YOUR OBJECTIVE: Except for images, print the whole listing verbatim.

SOURCE DATA:
== == ==
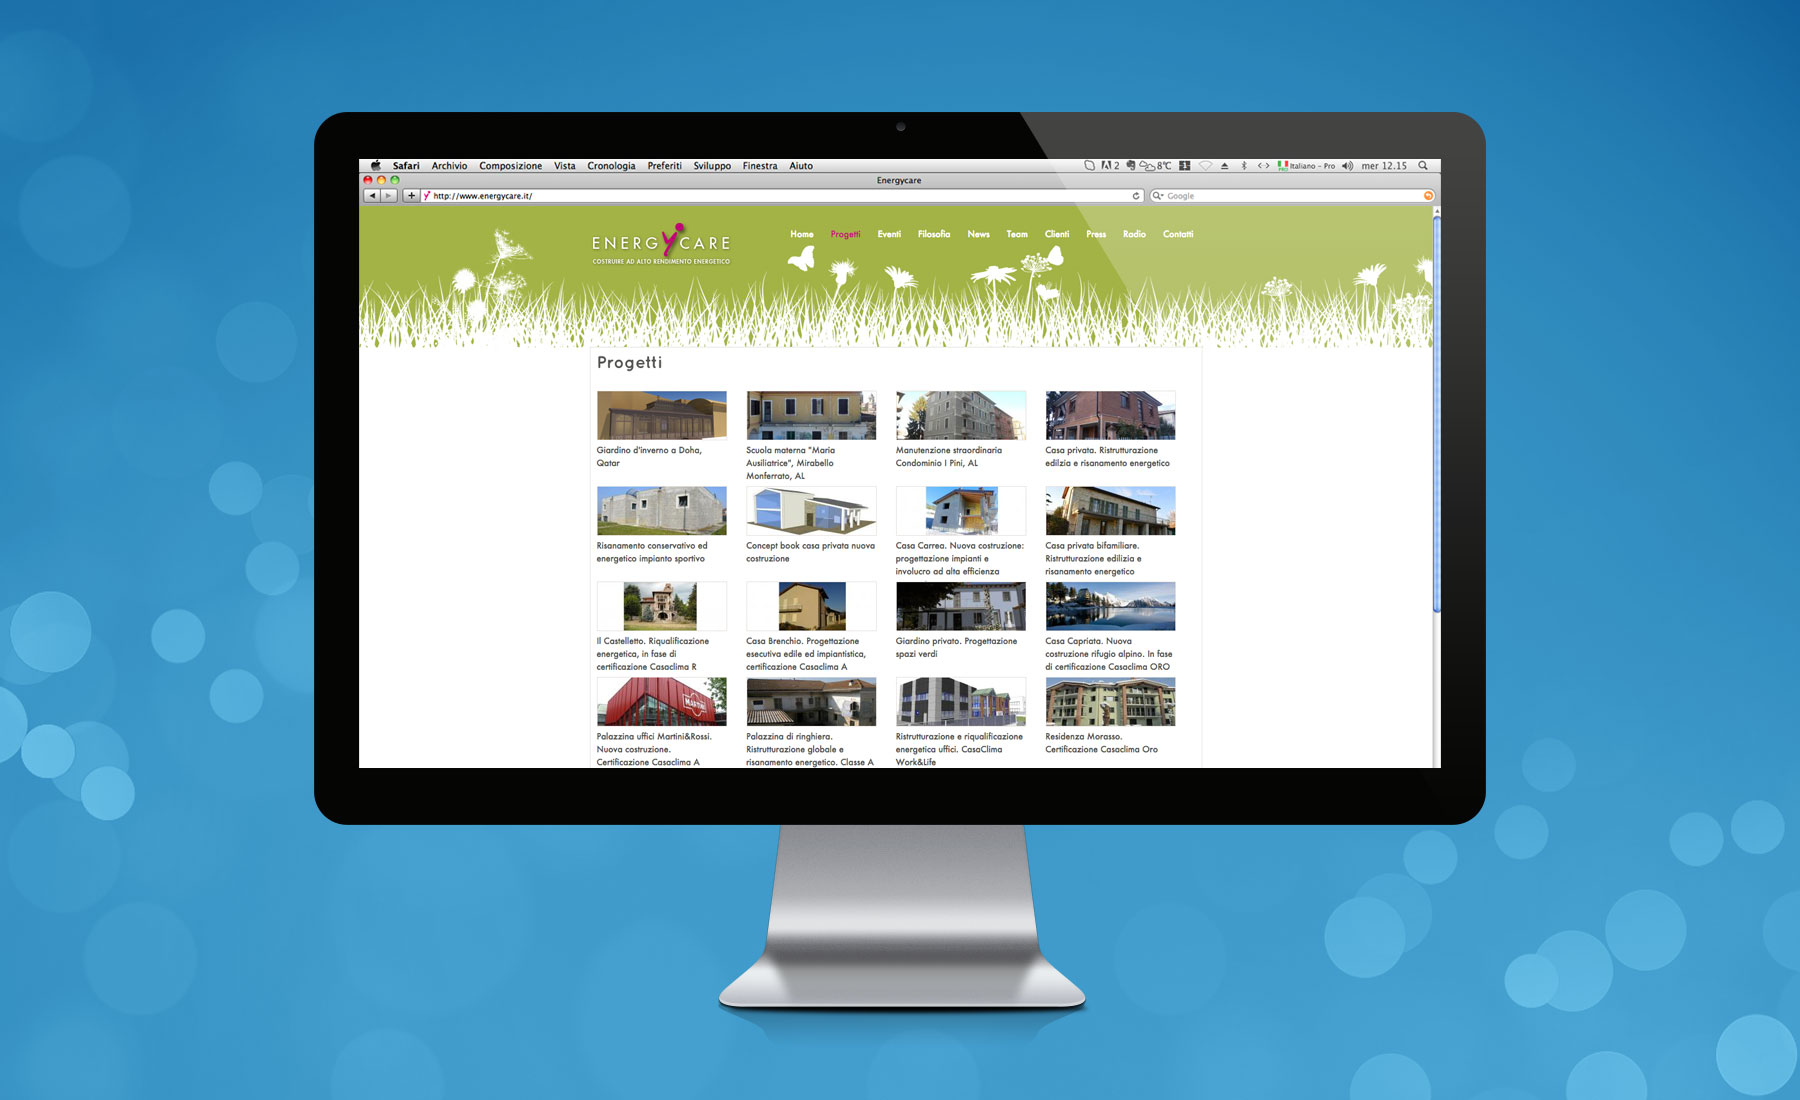 Sito Web Energycare
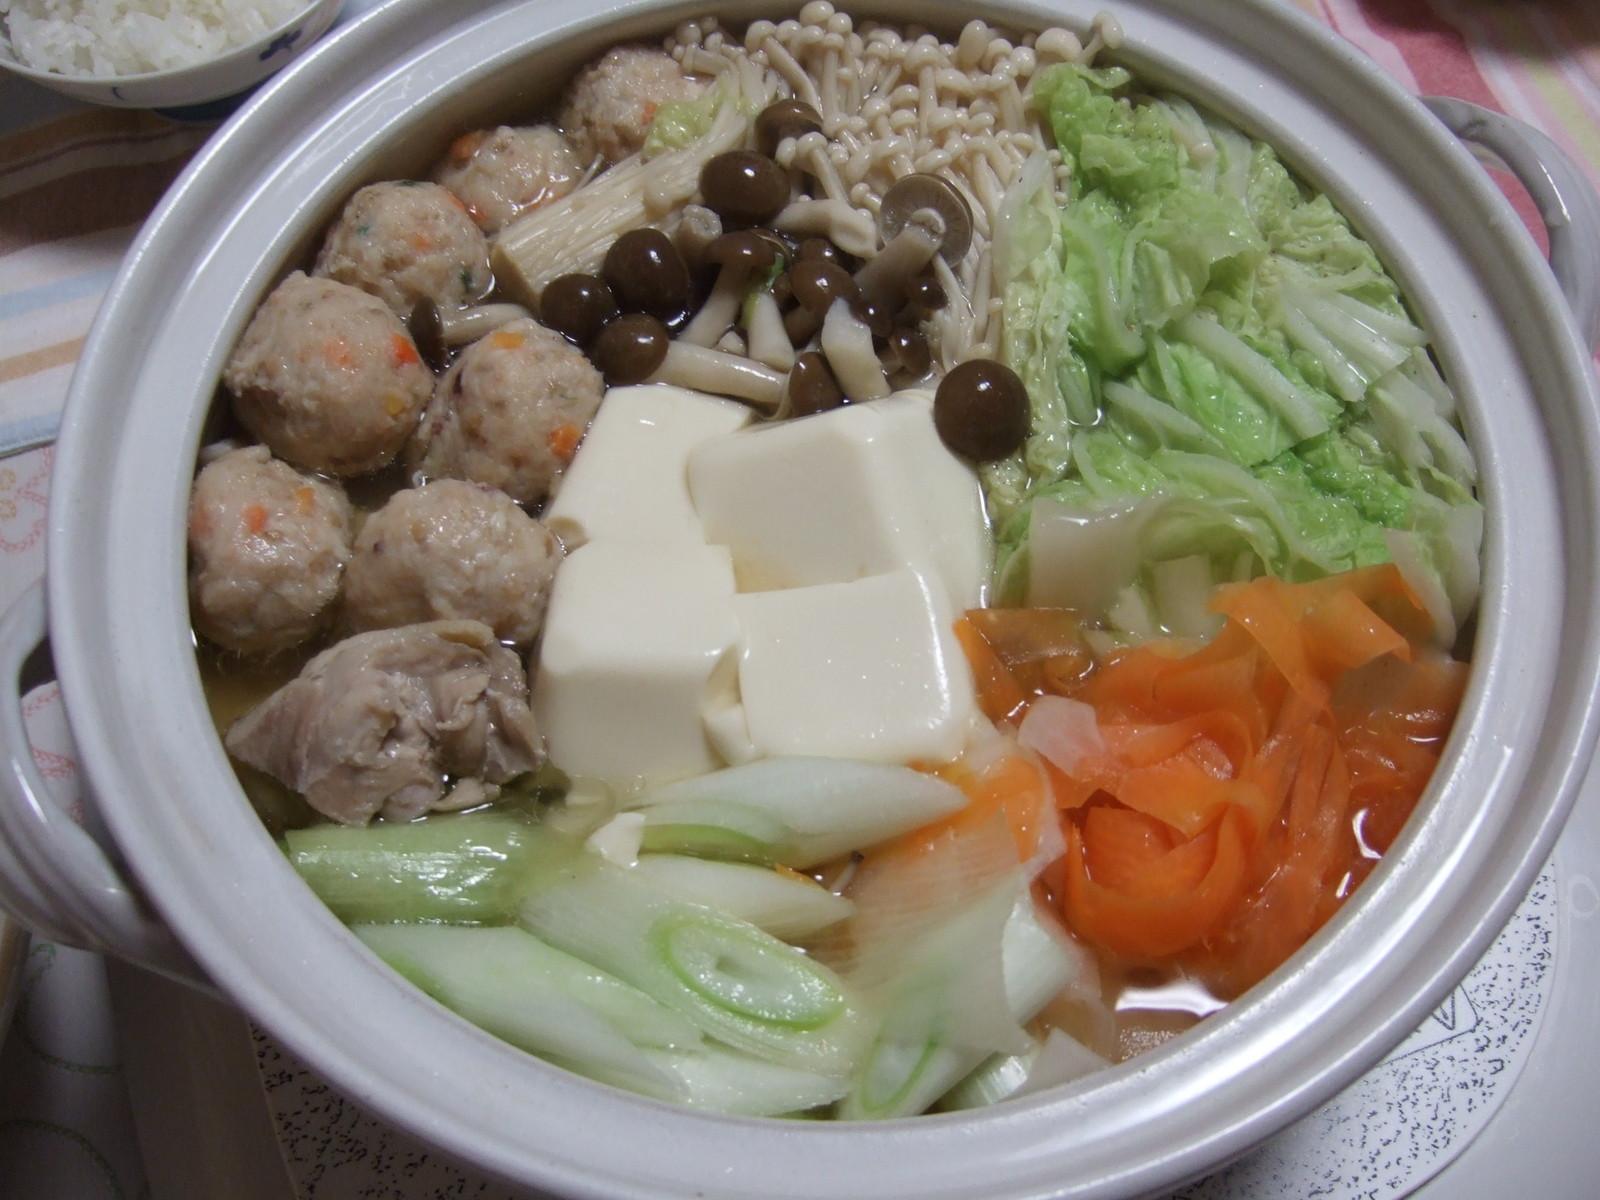 夕飯:肉団子鍋 12/19: うちのご飯とおいしいもの日記
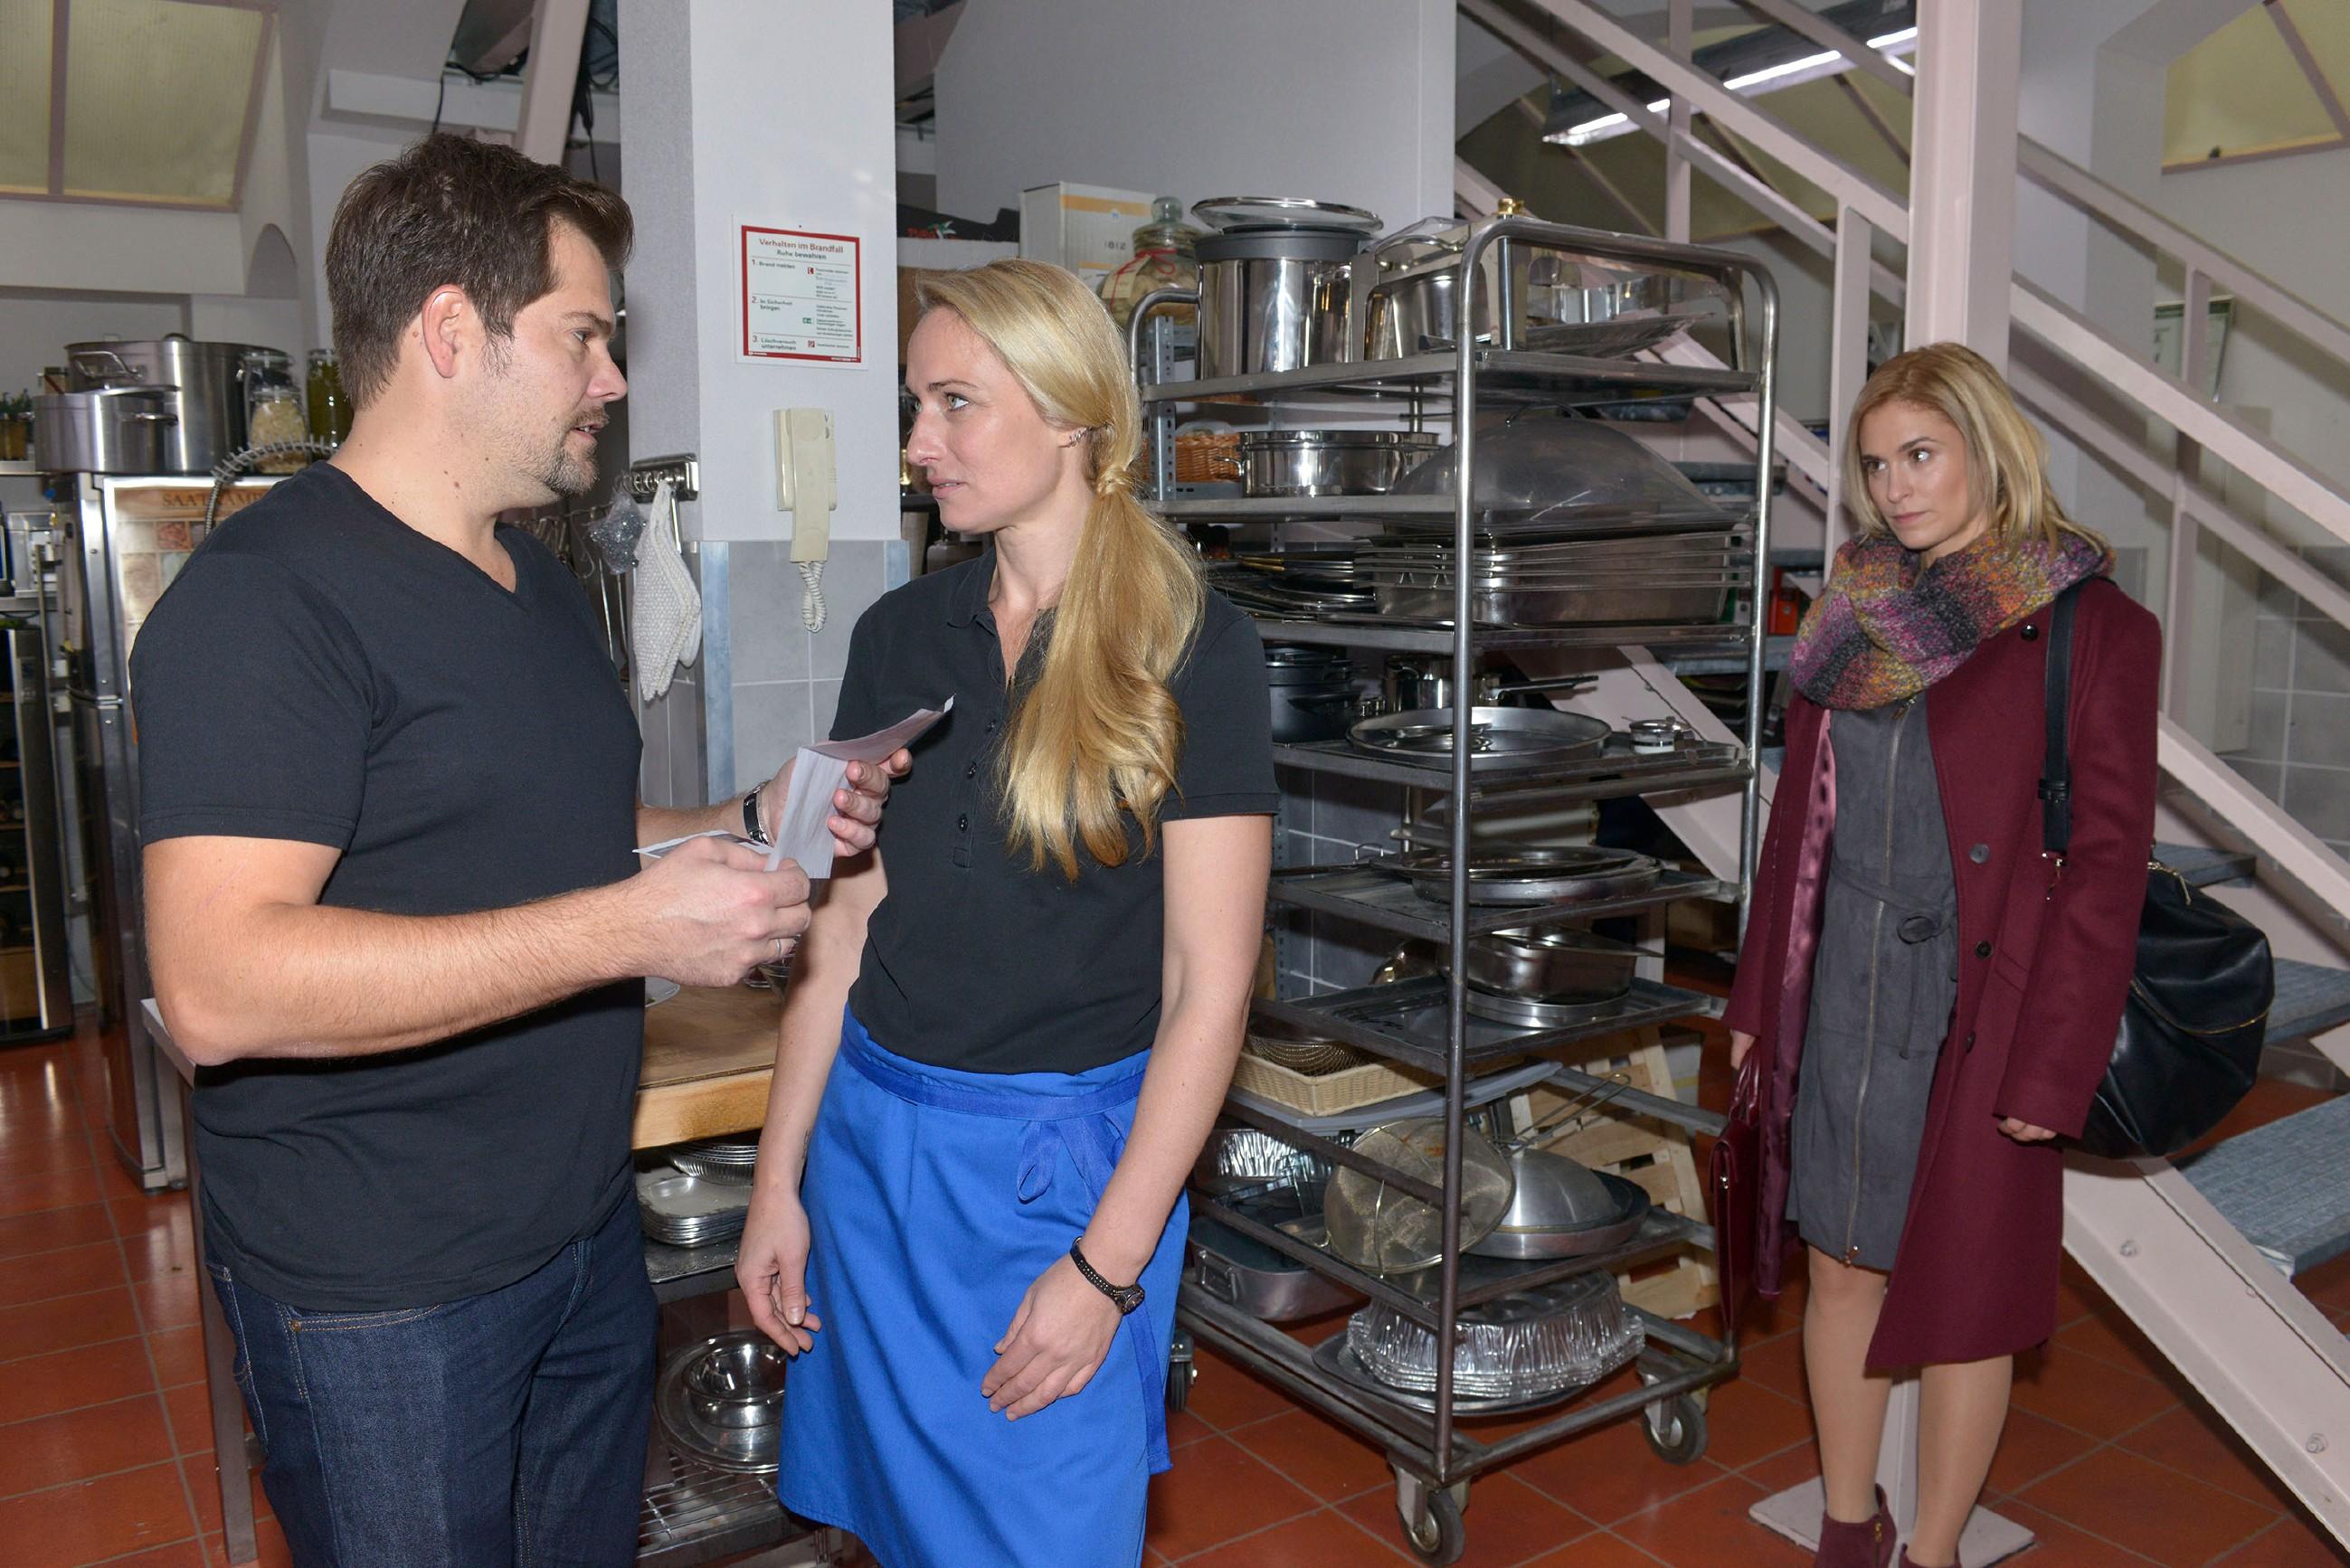 Sophie (Lea Marlen Woitack, r.) kann ihre latente Eifersucht wegen Leon (Daniel Fehlow) und Maren (Eva Mona Rodekirchen) nicht ganz abstreifen. (Quelle: RTL / Rolf Baumgartner)
== == ==
RESULT OF THIS EXERCISE:
 Sito Web Energycare
 夕飯:肉団子鍋 12/19: うちのご飯とおいしいもの日記
 Sophie (Lea Marlen Woitack, r.) kann ihre latente Eifersucht wegen Leon (Daniel Fehlow) und Maren (Eva Mona Rodekirchen) nicht ganz abstreifen. (Quelle: RTL / Rolf Baumgartner)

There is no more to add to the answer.